Output the data below exactly, images excluded.

» Raw data
┄┄┄┄┄┄

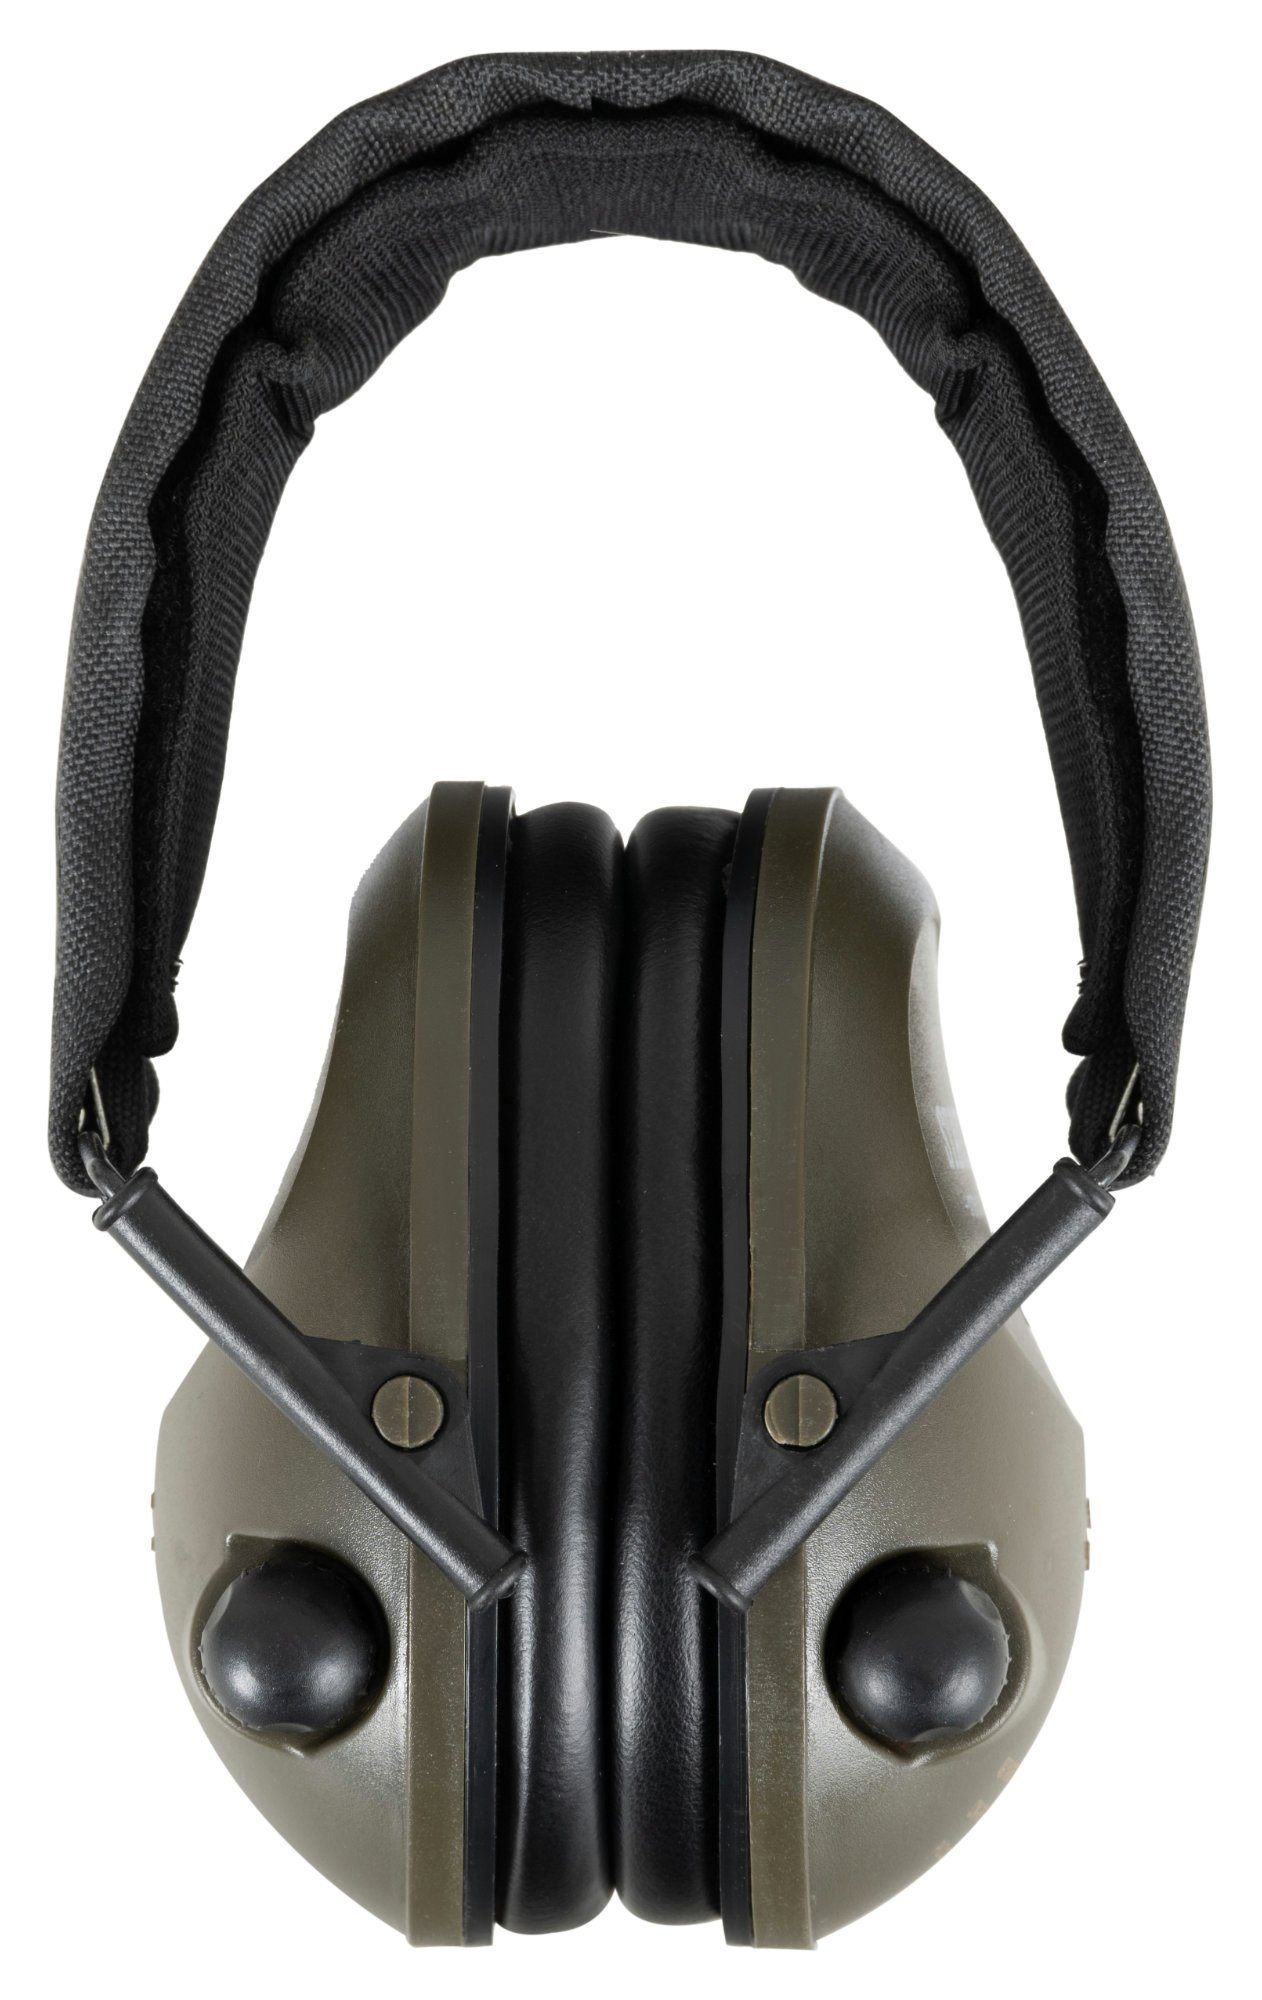 Größenverstellbar Bügelgehörschutz ContraNoise mit Gehörschutz “Active-Volume-System”, Stagecaptain Kopfhörer
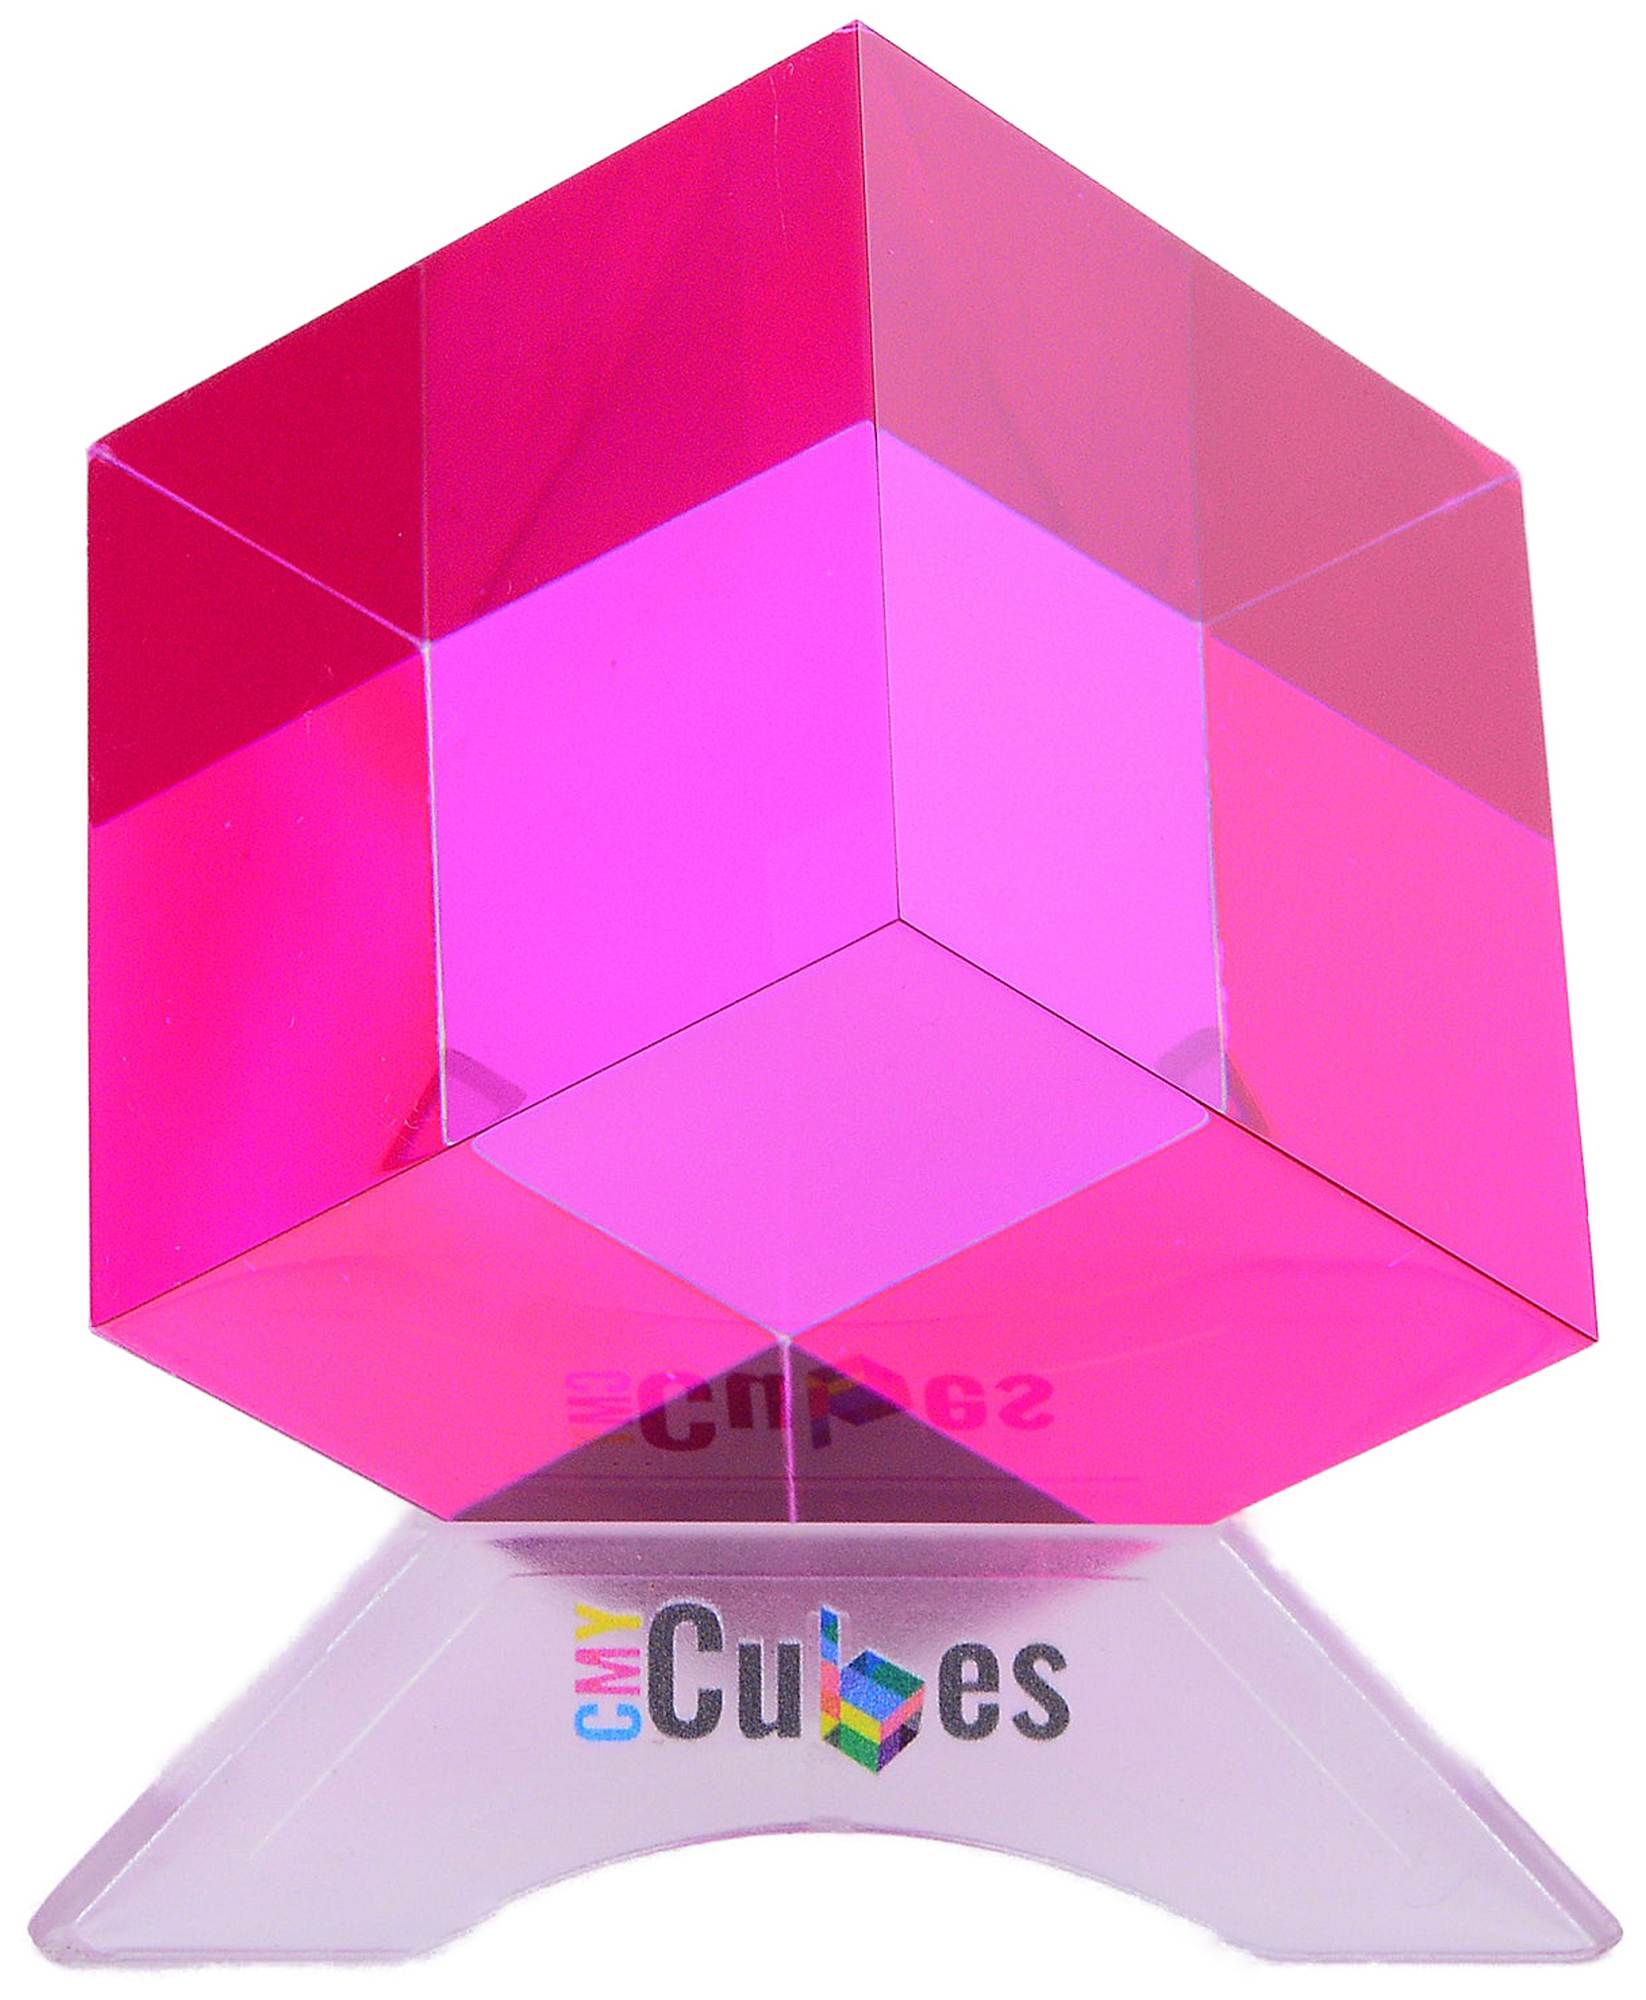 Dispersionsprisma "CMY Cube: Der M-Würfel"
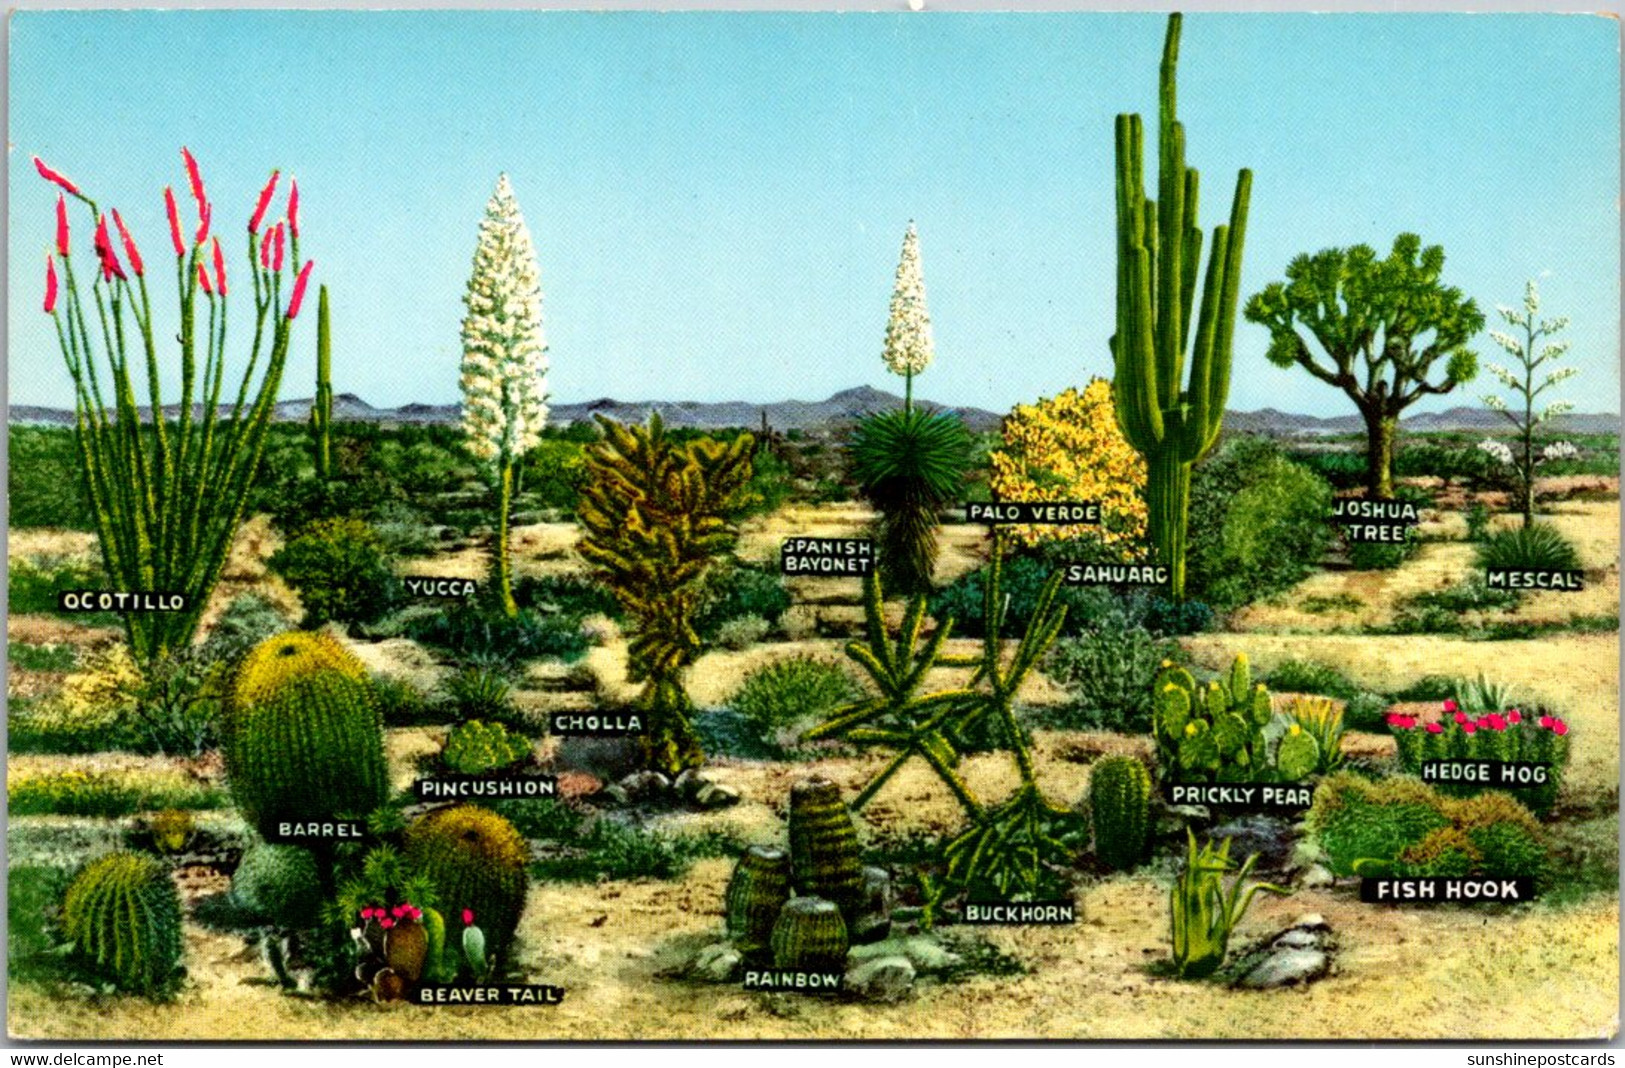 Cactus A Few Varieties Of Desert Vegetation - Cactus
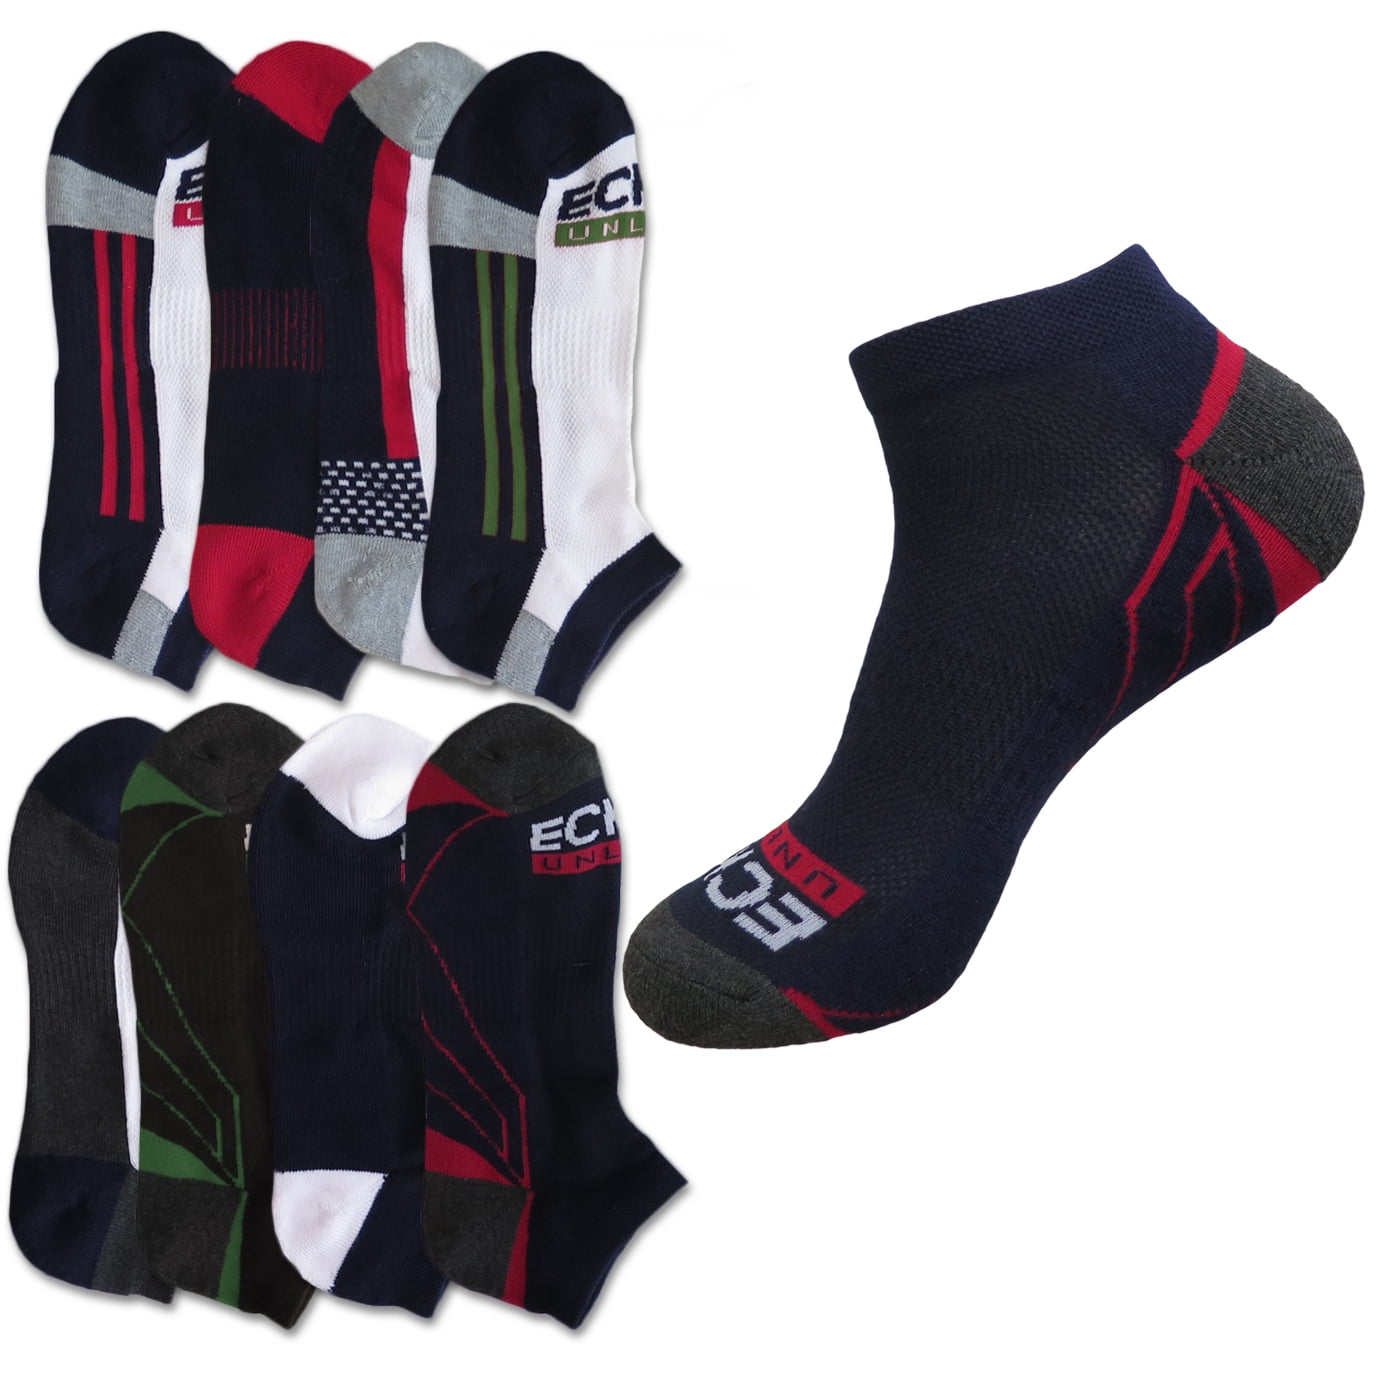 Men's Calf-High Crew Socks Choose Color & Size 10-13 Ecko Untld

┄┄┄┄┄┄

» Result
 Größenverstellbar Bügelgehörschutz ContraNoise mit Gehörschutz “Active-Volume-System”, Stagecaptain Kopfhörer
 Dispersionsprisma "CMY Cube: Der M-Würfel"
 Cactus A Few Varieties Of Desert Vegetation - Cactus
 Men's Calf-High Crew Socks Choose Color & Size 10-13 Ecko Untld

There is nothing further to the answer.